= TV Key =

A TV Key is a mechanism for any advertiser or content owner to link consumers to specific interactive television destinations, including enhanced TV applications, from media delivered over broadcast or broadband networks TV Keys can be embedded in any video stream and can be used as an on-screen call to action. TV Keys can also be displayed in newspaper advertisements and other printed collateral. A TV Key associates a brand or memorable word with a numeric code. Viewers enter the TV Key word by matching the letters to numbers on their television remote control.

A TV Key is a feature of the open, standards-based interactive TV services platform provided by Miniweb Interactive and can be used with interactive TV services over multiple television network types including satellite TV and digital terrestrial television.

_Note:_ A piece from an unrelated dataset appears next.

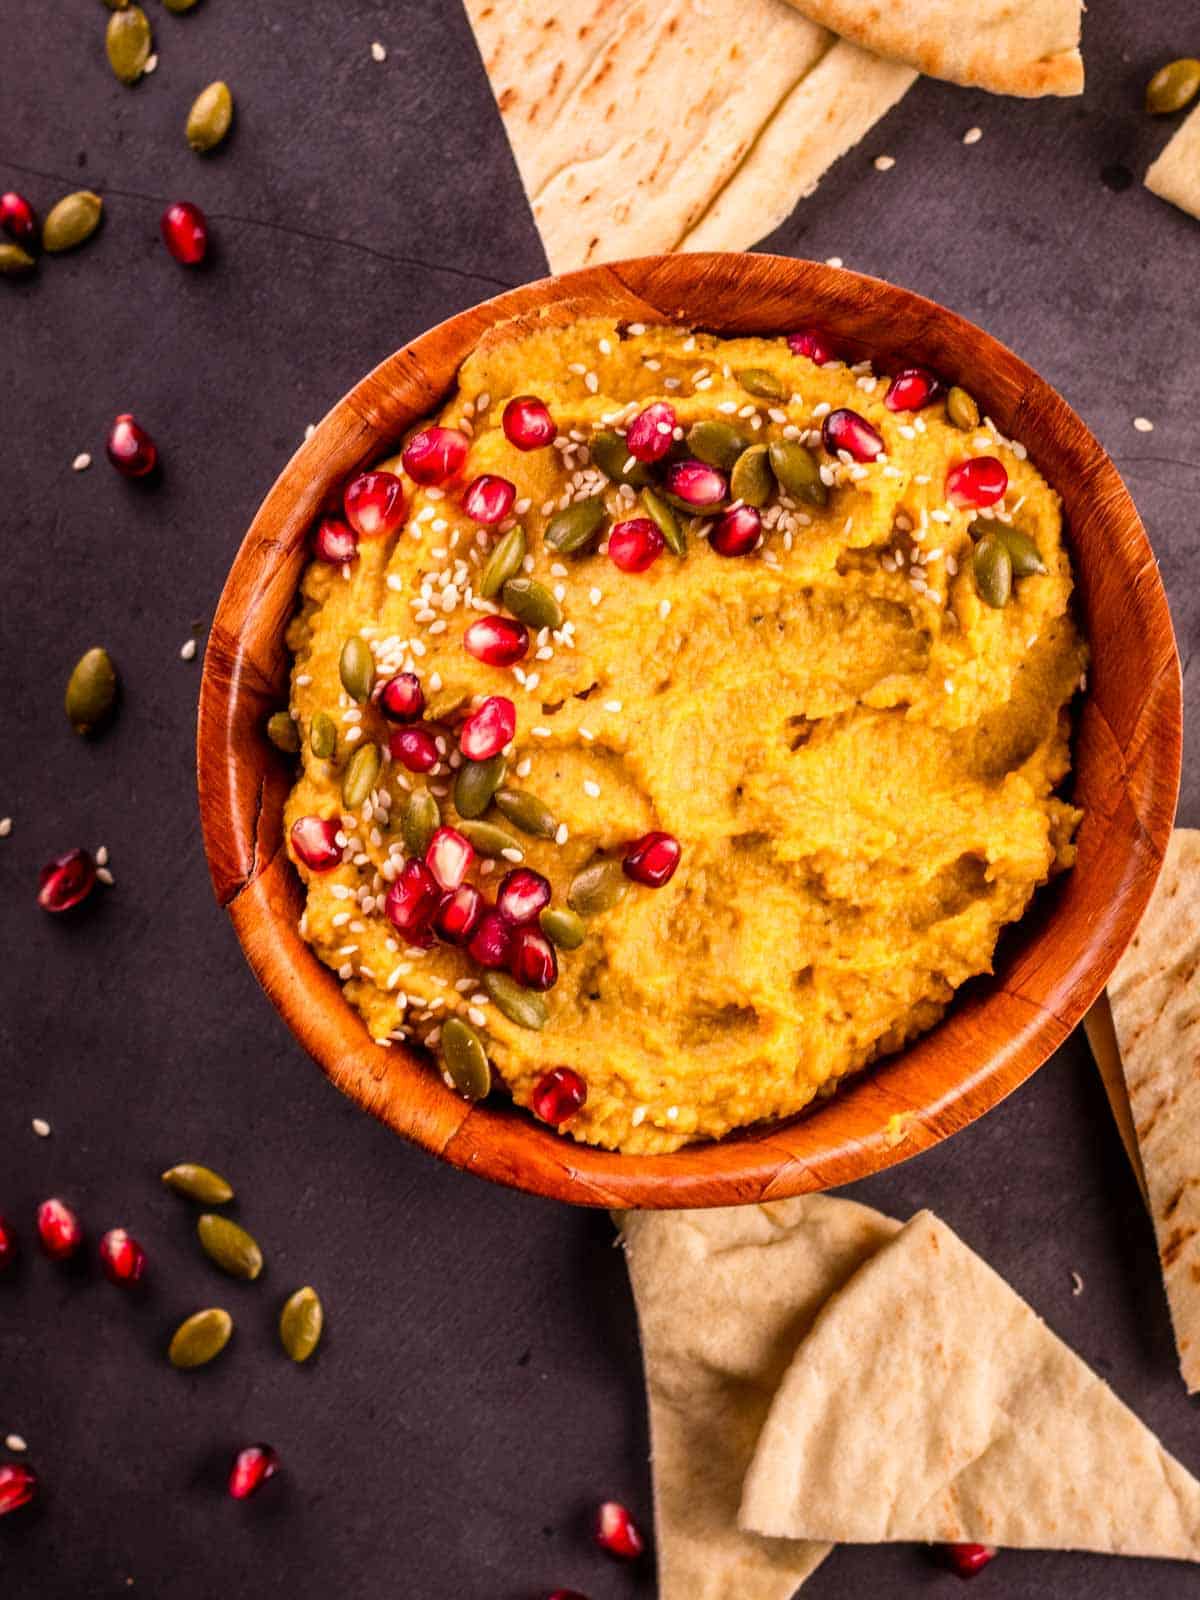 pumpkin hummus topped with pepitas, sesame seeds and pomegranate seeds with pita pieces next to it

By entering a TV Key through their remote control, the television viewer can access additional video services or interactive content authored in wTVML and presented as a TV Site. For this reason, TV Keys have been described as “numeric shortcuts to online services that can be accessed through a television remote control”.

A TV Key is viewed as one element of a converged broadcast and broadband experience that provides personalized web-style interactivity for television viewers on the TV. It has been designed to encourage usage of an interactive television services and video.

TV Keys have been available since April 2008 on the UK satellite TV provider Sky Digital (BSkyB). The TV Key service is available to all Sky subscribers through the interactive menu and all channels. TV Keys allow broadcasters, television network operators, content owners and advertisers to deliver new services that monetize the way viewers interact with the television.